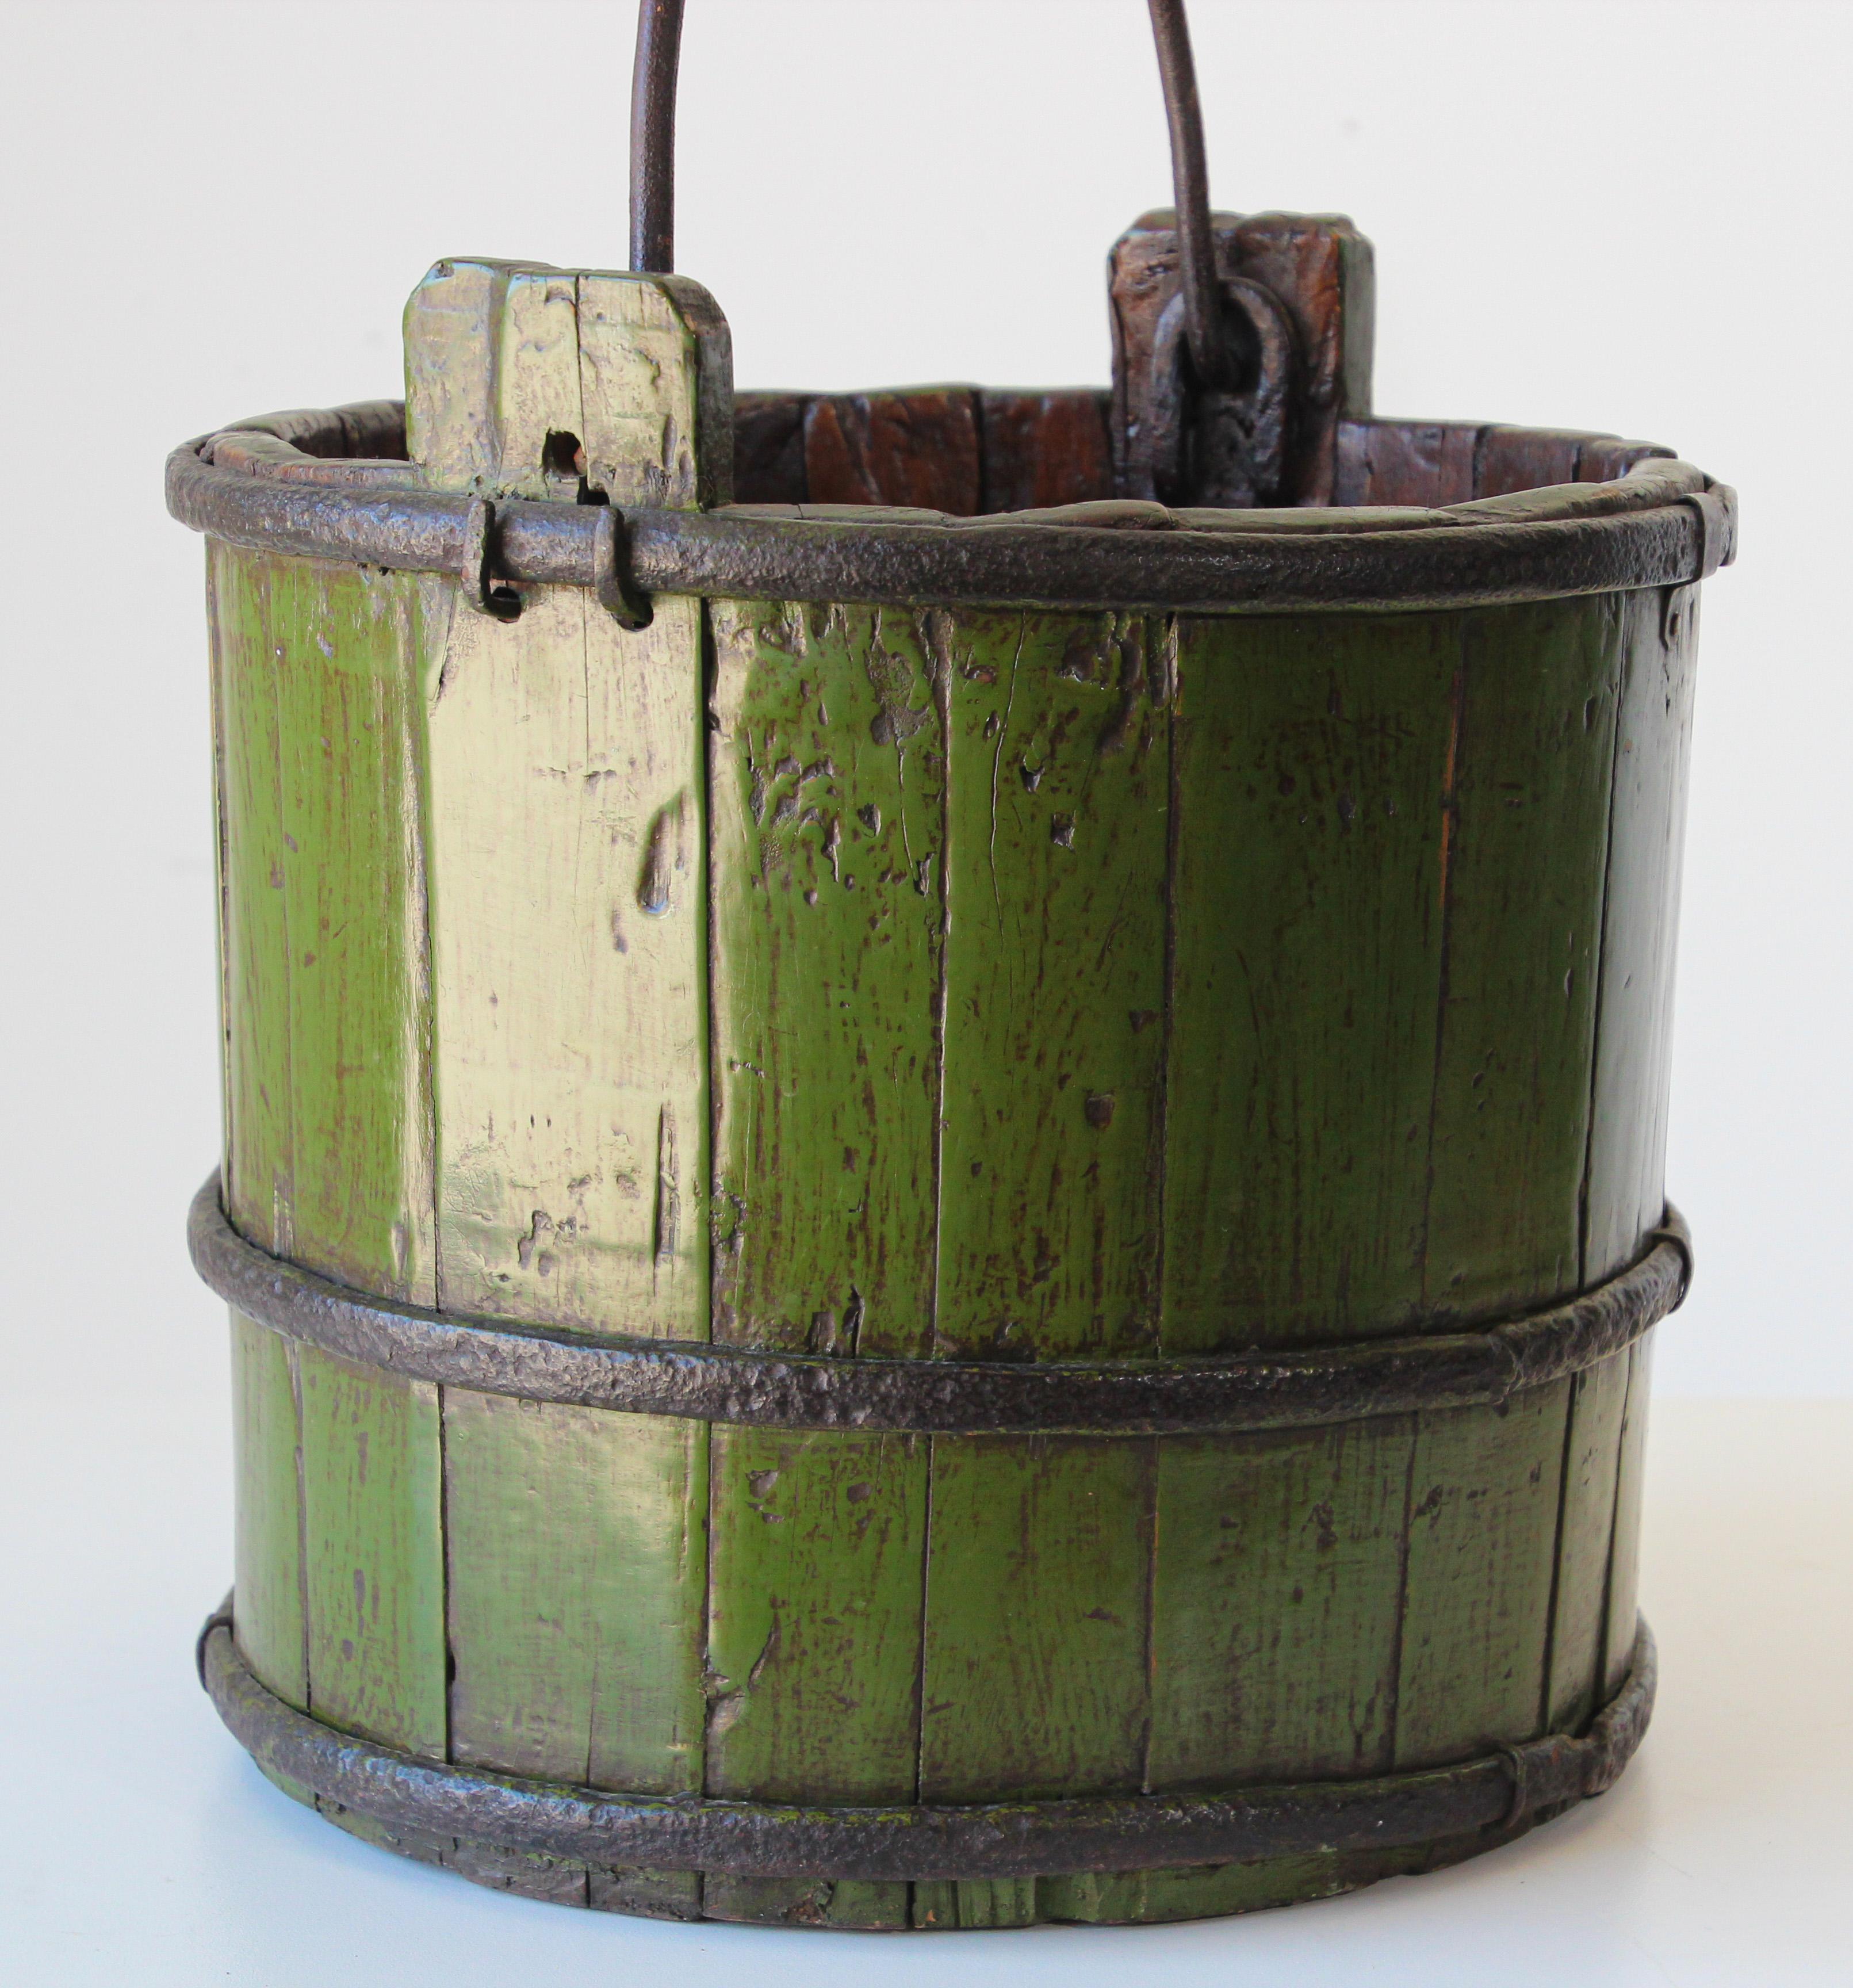 Antique Asian Chinese wood water bucket with wrought iron bands.
Early handmade water well wood with hand forged iron bands and handle.
A classically shaped antique Chinese wood water bucket with original cast iron handles and straps with lovely

## Assignment
All of the material above must be retyped exactly, line for line, with the images dropped.

## Solution to the exercise
 Antique Asian Chinese wood water bucket with wrought iron bands.
Early handmade water well wood with hand forged iron bands and handle.
A classically shaped antique Chinese wood water bucket with original cast iron handles and straps with lovely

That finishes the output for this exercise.